In the cases when material differences between the two actuaries exist, it is incumbent on the actuaries to try to resolve these differences in an amicable manner. In fact, Annotation 10-1 to Precept 10 of the Code of Conduct states that "[d]ifferences of opinion among actuaries may arise, particularly in choices of assumptions and methods. Discussions of such differences between an Actuary and another actuary, or in observations made by an Actuary to a Principal on the work of another actuary, should be conducted objectively and with courtesy and respect." Such an approach to resolving differences leads to more informed and satisfied customers for all of the actuaries involved.
It is important to also understand what external peer review is not. First and foremost, it is not simply one actuary "rubber-stamping” another actuary's work. Instead, the use of a qualified actuary who is truly independent of the opining actuary, not just a company employee or another consulting actuary at the same firm, helps ensure that the review has intrinsic value. Further, it is also more than just someone proofreading the actuarial report. The actuarial report should have been exposed to technical and peer review before it was ever distributed, ensuring the quality of the work product itself. Rather, external peer review is intended to protect the interests of the interested party requesting the external review.
An external peer review is also not an adequate substitute for a complete independent analysis. An actuary serving as an external peer reviewer will often make disclosures such as the following.
- The review was limited to work performed by others as documented in the actuarial report.
- We did not audit or verify the data underlying the calculations included in the report.
- An exhaustive technical review of the report exhibits was not performed; however, many of the calculations in the exhibits were checked for accuracy and no errors were found.
- We did not conduct any independent actuarial analysis or calculations but conducted a review of the reasonableness of the data, methods, assumptions, and findings presented in the report.
- We focused on the major actuarial issues to determine the reasonableness of the program and the pro forma financials presented within the application.

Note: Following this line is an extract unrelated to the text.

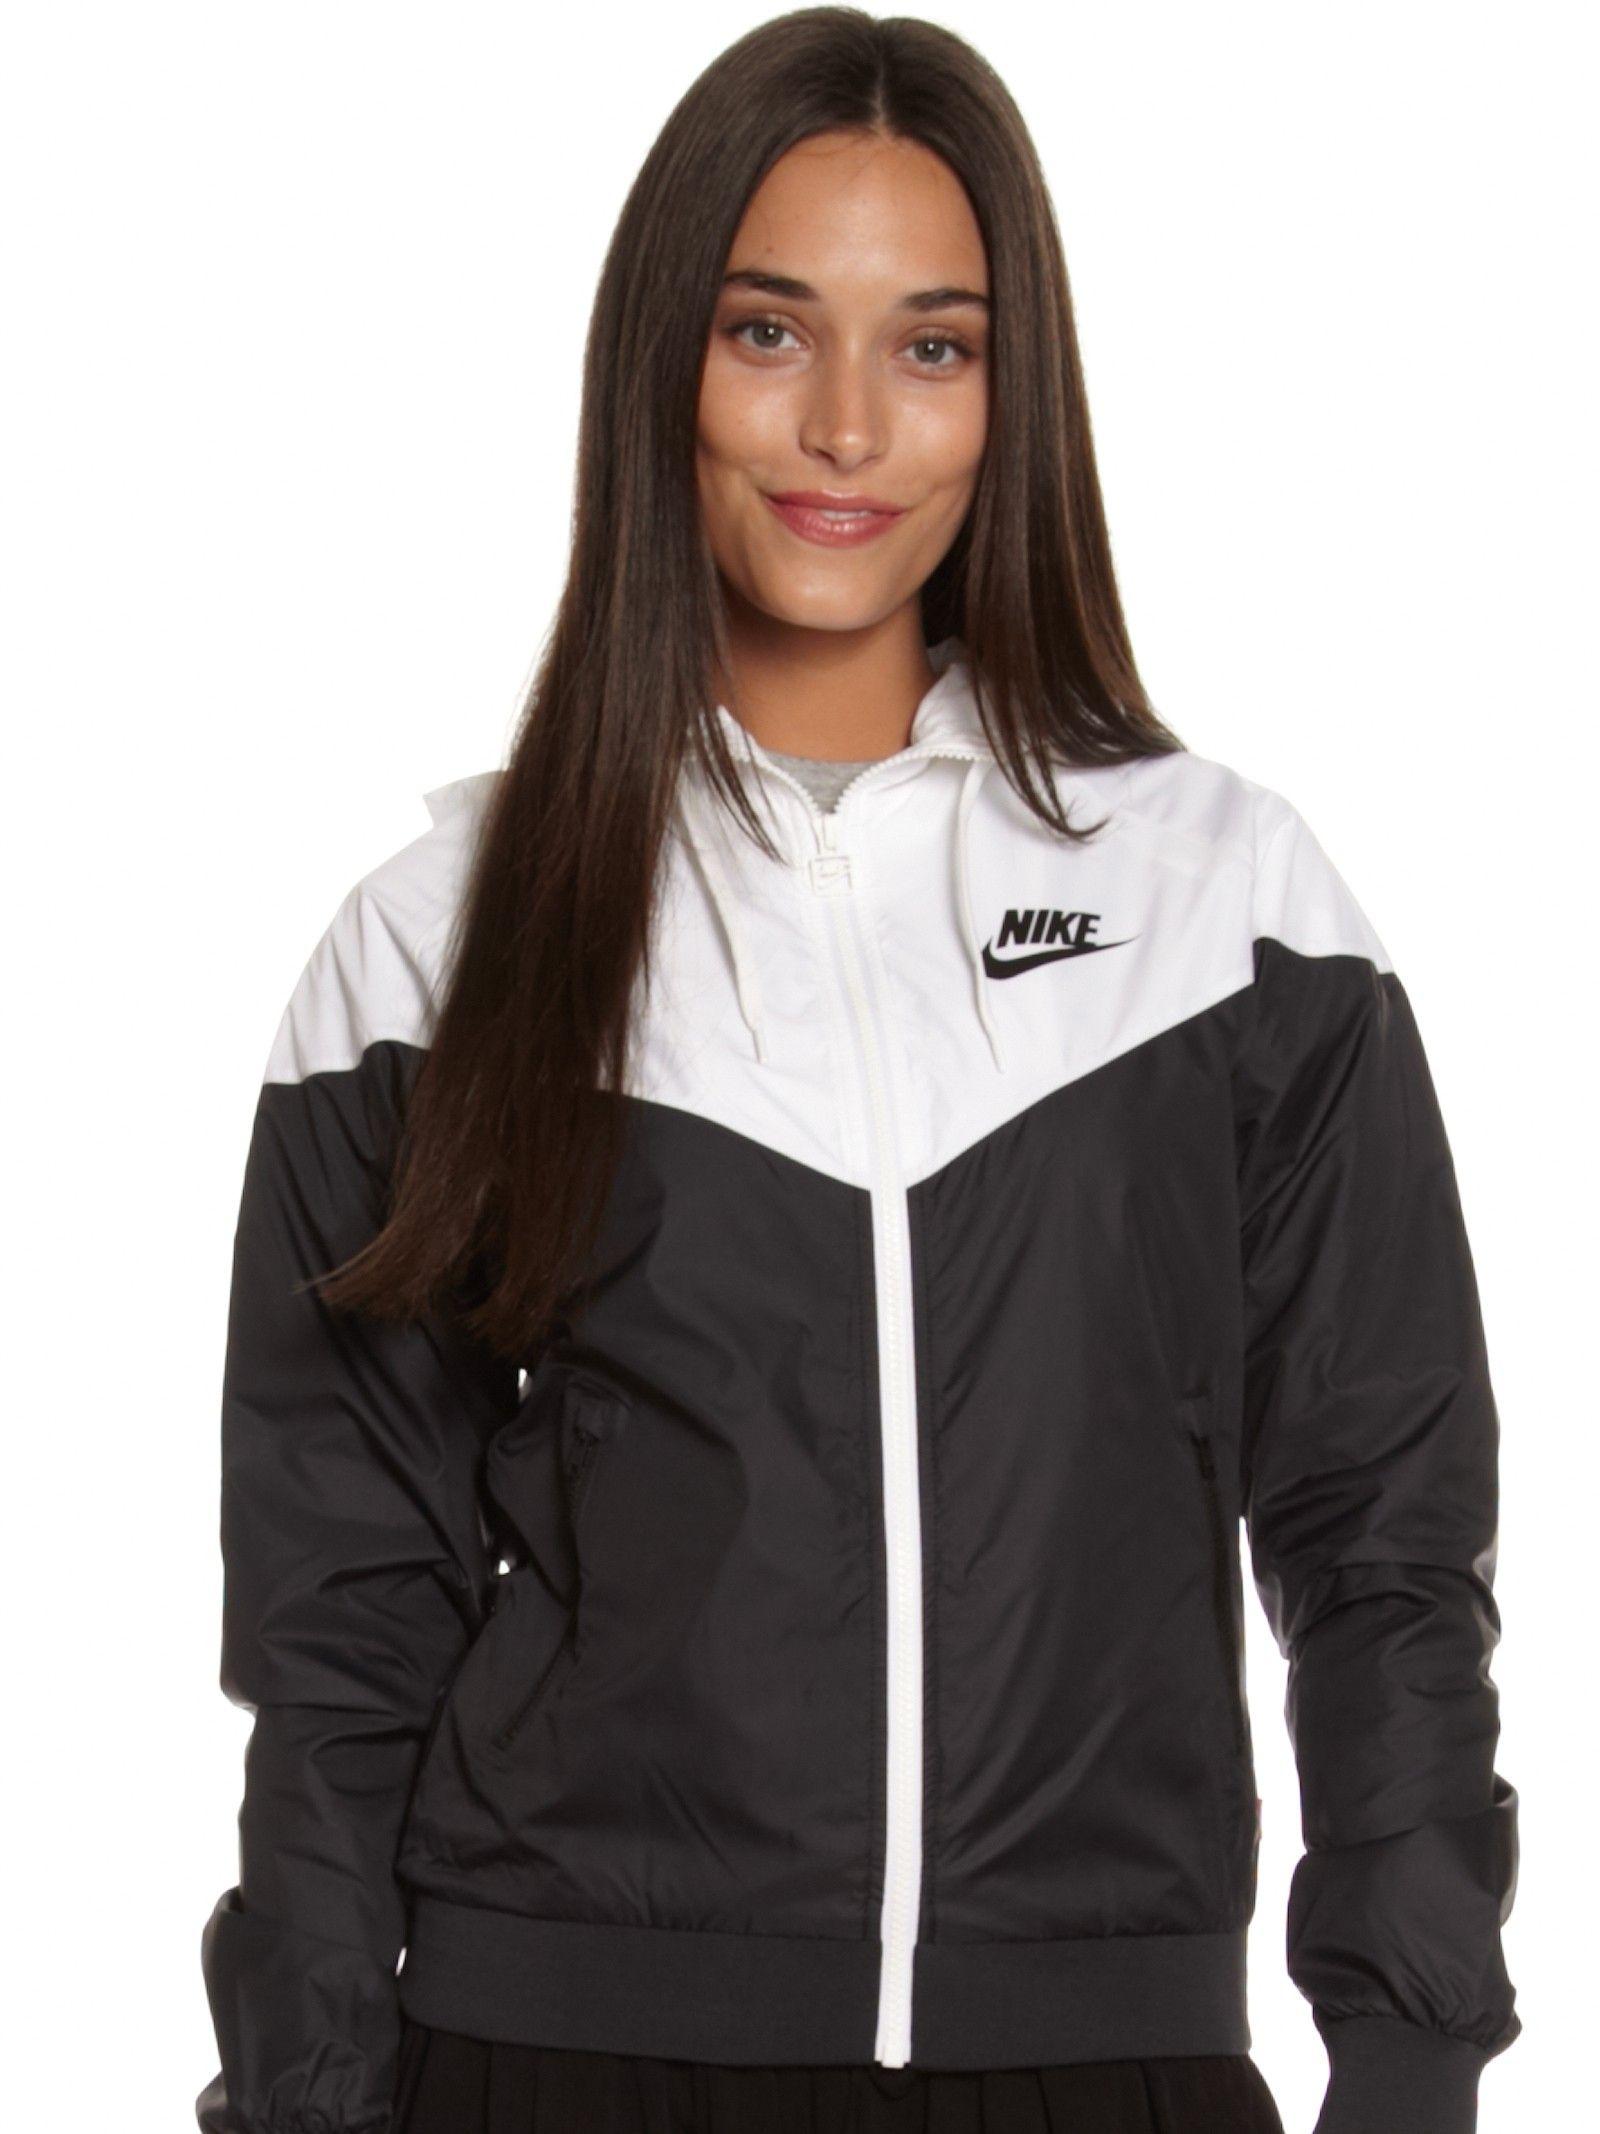 Nike epic jacket - Windrunner Jacket In Black White

- We did not prepare the analysis and, if asked to do so, we would not necessarily use the same data or methods, make the same assumptions, or produce the same results.
Understanding what an external peer review is and is not can help users of these reviews avoid unintended misuse and expectations that are not viable.
Cost-efficiency and appropriate controls over internal processes are practical realities of today's insurance market. As a result, there is a growing demand for external peer review of a wide variety of actuarial work products. Pinnacle's rigorous approach to this review by one of our qualified, independent actuaries is consistently adding significant value and controlling incremental costs to our customers. This approach is providing our customers an effective means of increasing their confidence in the work of other appointed actuaries and providing alternative perspectives in areas that present material risk.
- American Academy of Actuaries Committee on Professional Responsibility, Peer Review—Concepts on Improving Professionalism, April 1997.